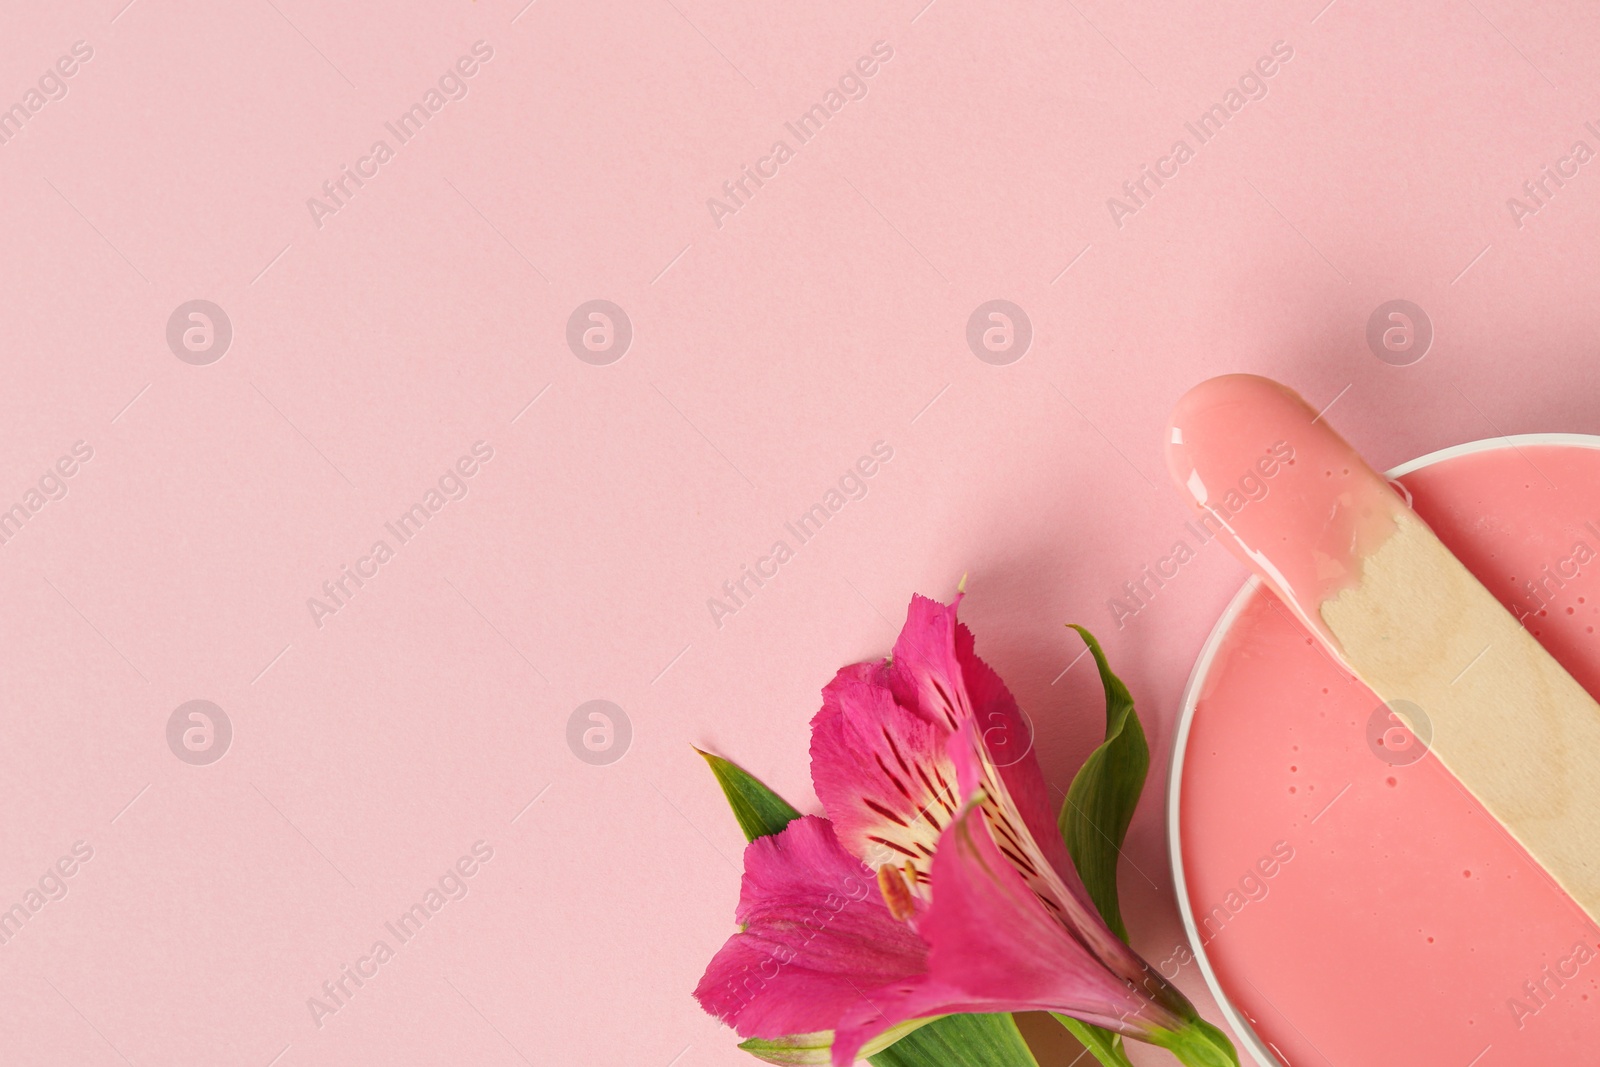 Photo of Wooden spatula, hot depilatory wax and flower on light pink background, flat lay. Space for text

---

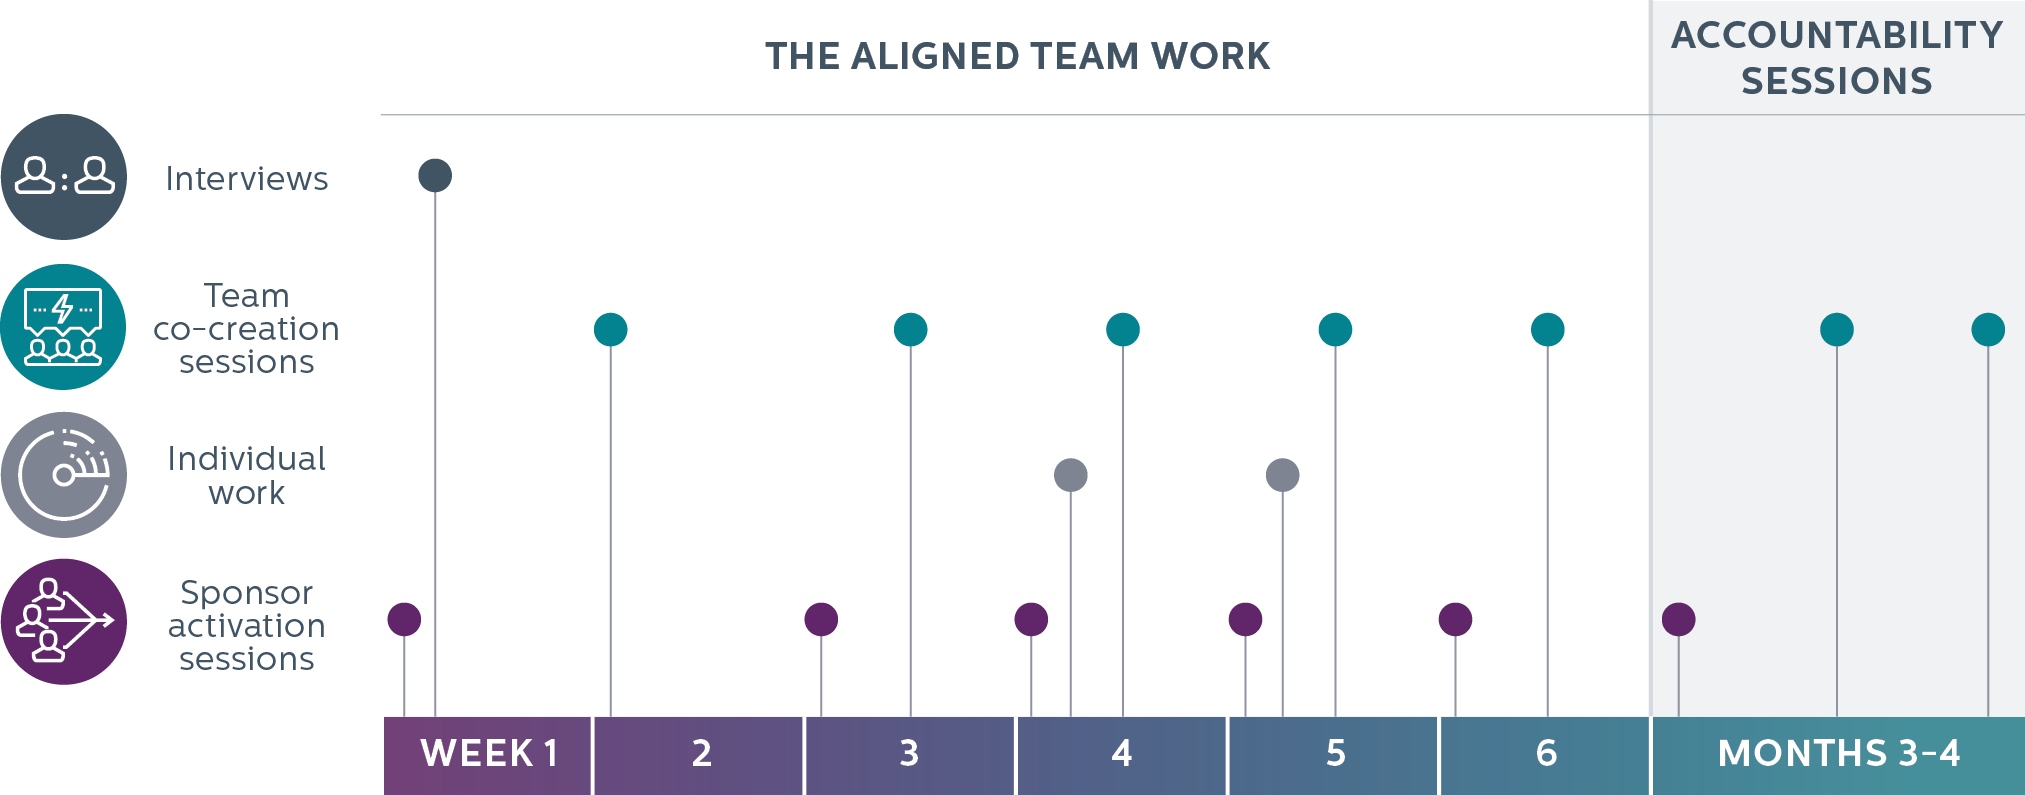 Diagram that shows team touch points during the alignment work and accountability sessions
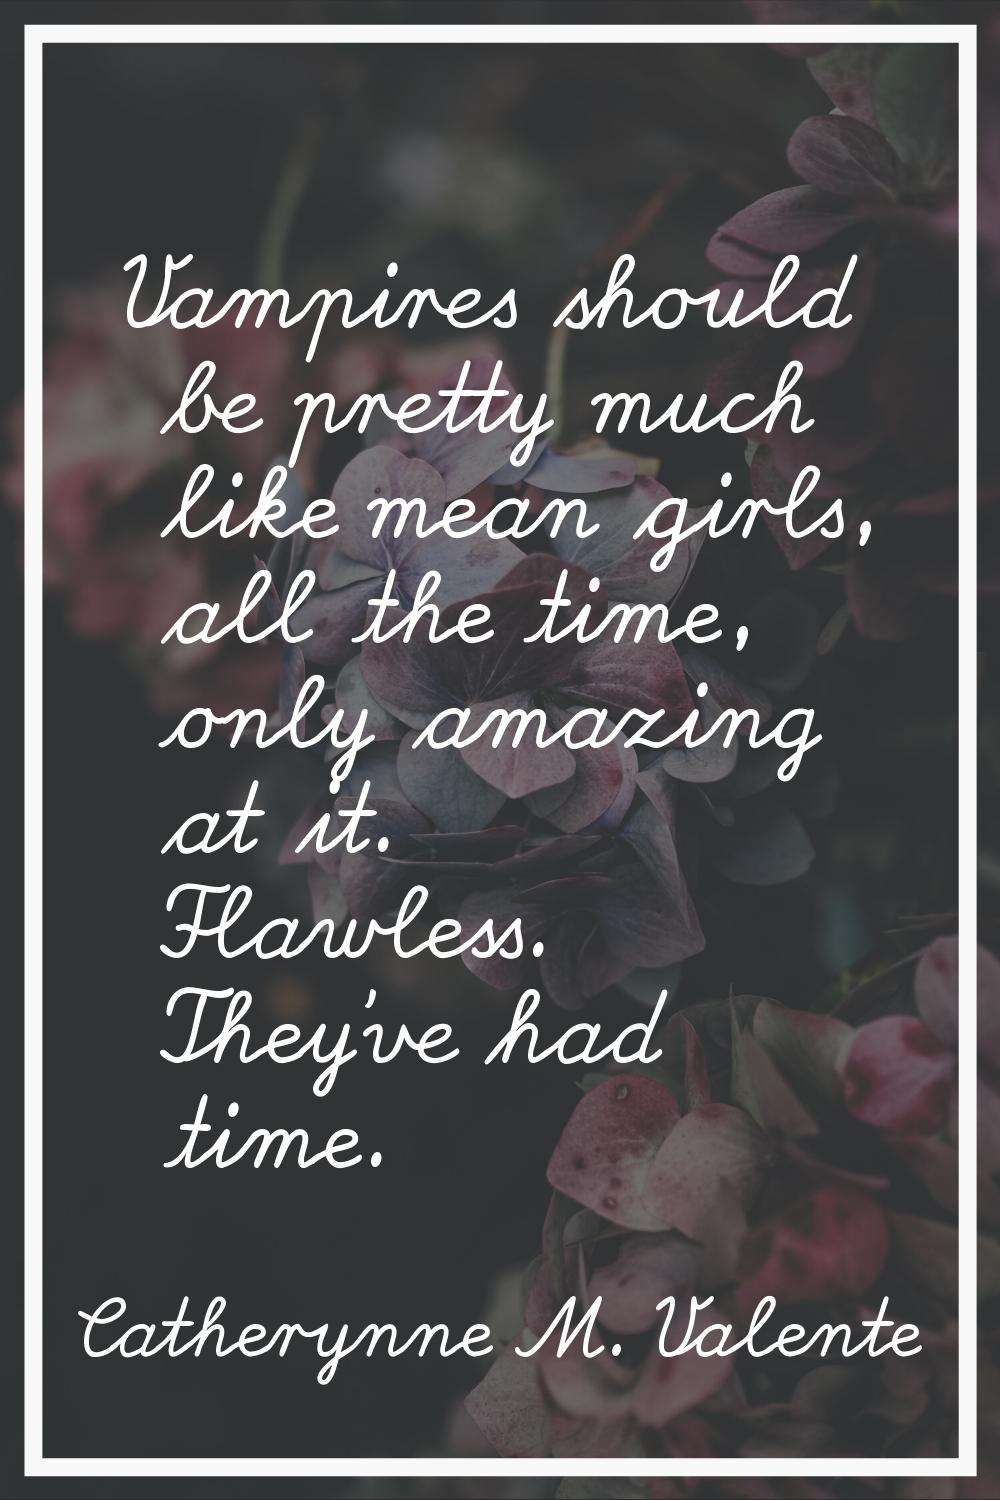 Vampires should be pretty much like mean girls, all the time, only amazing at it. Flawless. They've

• Work to complete
From the material above, give again exactly the lines from the one that contains "Diagram that shows" through the one that contains "Vampires should be", and leave out the pictures.

• Answer for the task
 Diagram that shows team touch points during the alignment work and accountability sessions
 Vampires should be pretty much like mean girls, all the time, only amazing at it. Flawless. They've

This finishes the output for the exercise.